There are certain areas of the brain that do not shut off in insomniacs when compared to good sleepers. Areas in an area of the brain called the cingulum (fibres connecting the connecting the callosal and hippocampal convolutions of the brain) remain active in sleep; the brains are not shutting off effectively. In other words people with insomnia have high brainwave frequencies and more brain activity than good sleepers. In laymans terms their brains are more active even when they’re asleep.

This is not an ideal scenario as one of the benefits of good sleep is that it allows the brain to be less active and the body to rejuvenate. Bran wave entrainment has for many years been used help calm down peoples brain wave activity leading them to become more relaxed, reach the lower brain wave frequency levels and drift more easily to sleep.

There were many myths years ago about how the brain functioned. For example neuroscience has proved that the idea that we only use 10% or less of our brains is not true.  The ability of the brain to recreate itself as a flexible network of neural connections is well documented and called  neuroplasticity (or brain plasticity).   The more we do a certain behaviour more neural pathways are formed making it easier for it to become habitual. This is important in terms of behaviour and habits as it indicates that we can change habits or behaviours which we once thought were fixed.

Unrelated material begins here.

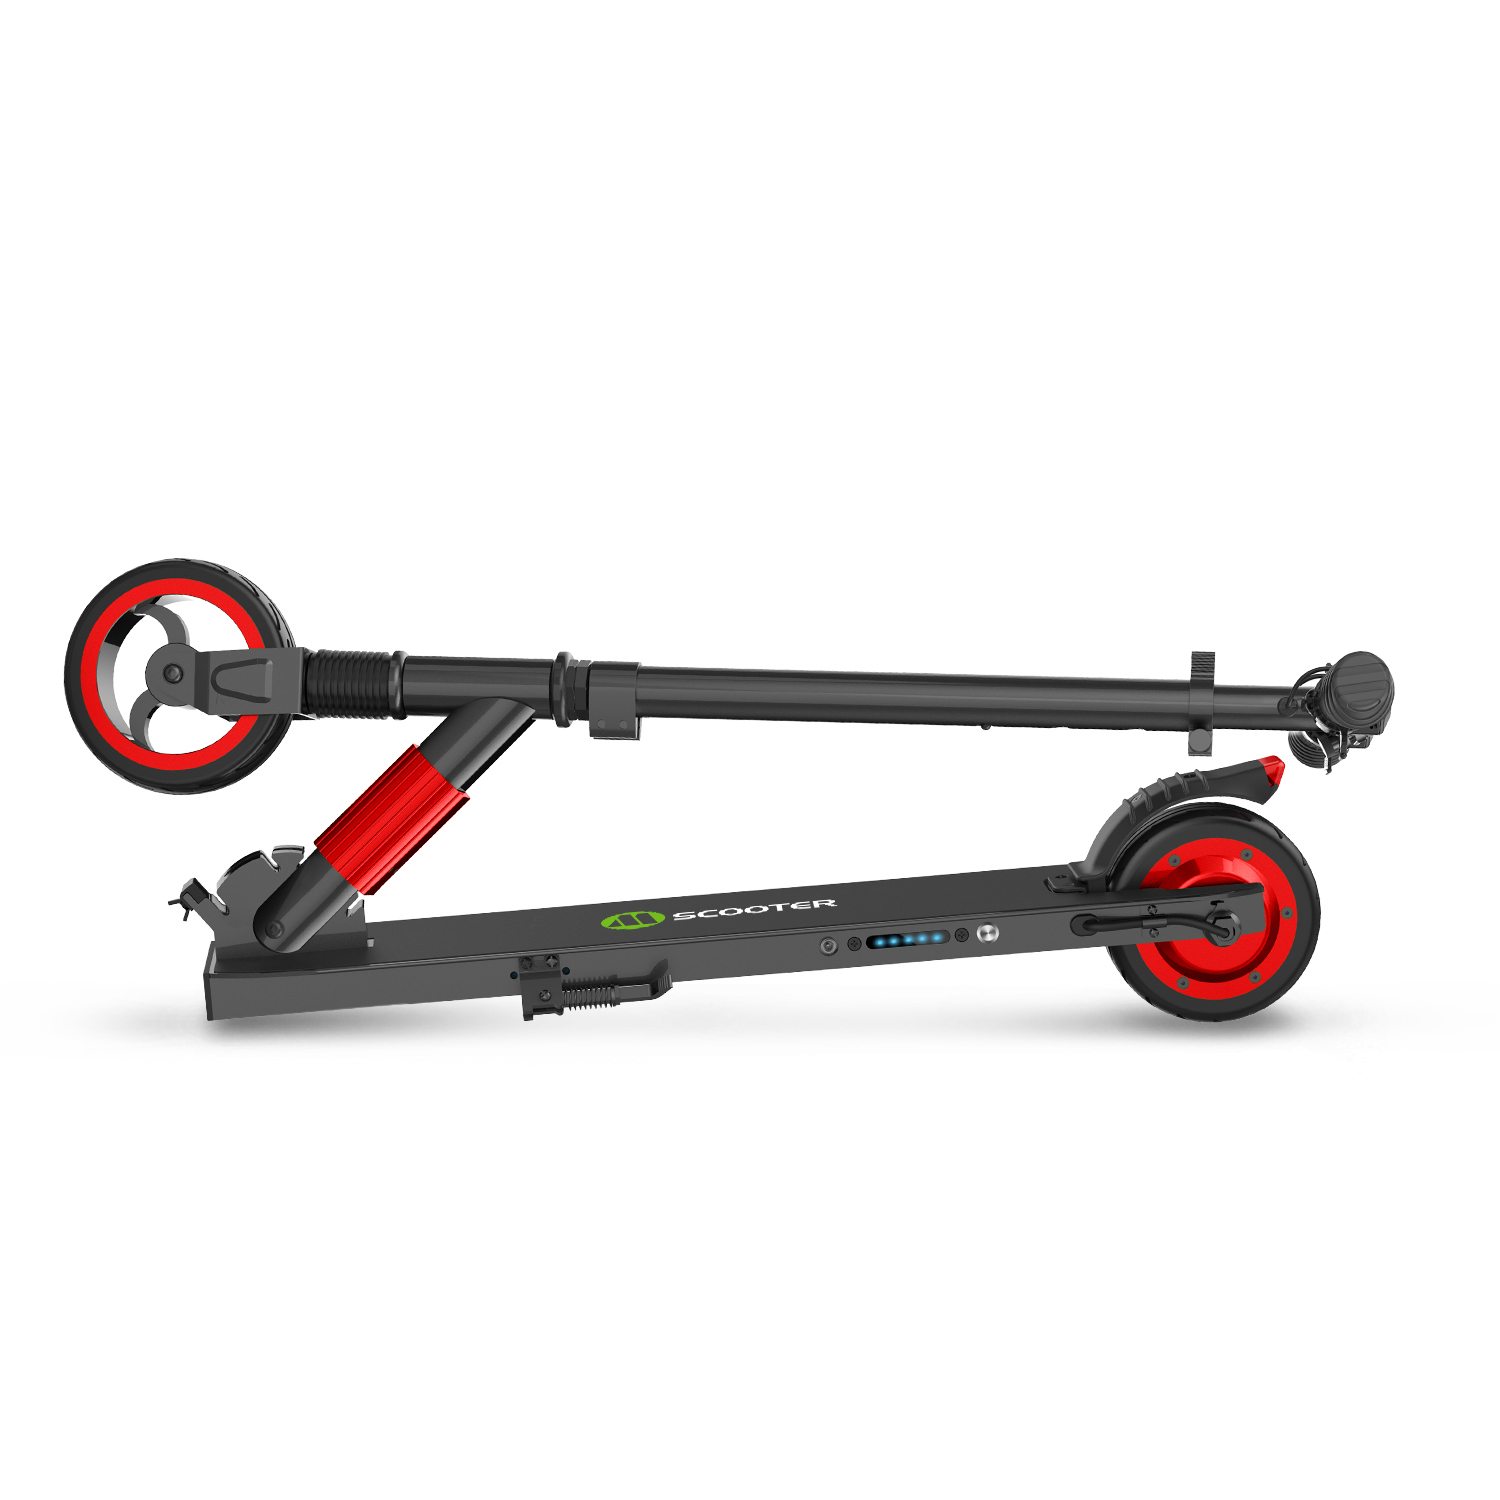 Find US Direct Megawheels S1 5Ah 250W Motor Portable Folding Electric Scooter 23km/h Max Speed Micro Electronic Braking System for Sale on Gipsybee.com with cryptocurrencies

The more the NLP exercises are practiced the more they will impact and benefit your sleep patterns longer term.

Research has shown that people with abnormal levels of certain neurotransmitters in the brain are more likely to suffer from generalized anxiety disorder. When neurotransmitters are not working properly, the brain’s internal communication network breaks down, and the brain may react in an inappropriate way in some situations. This can lead to anxiety. Both the brain entrainment and the NLP exercises help to reduce people’s level of anxiety.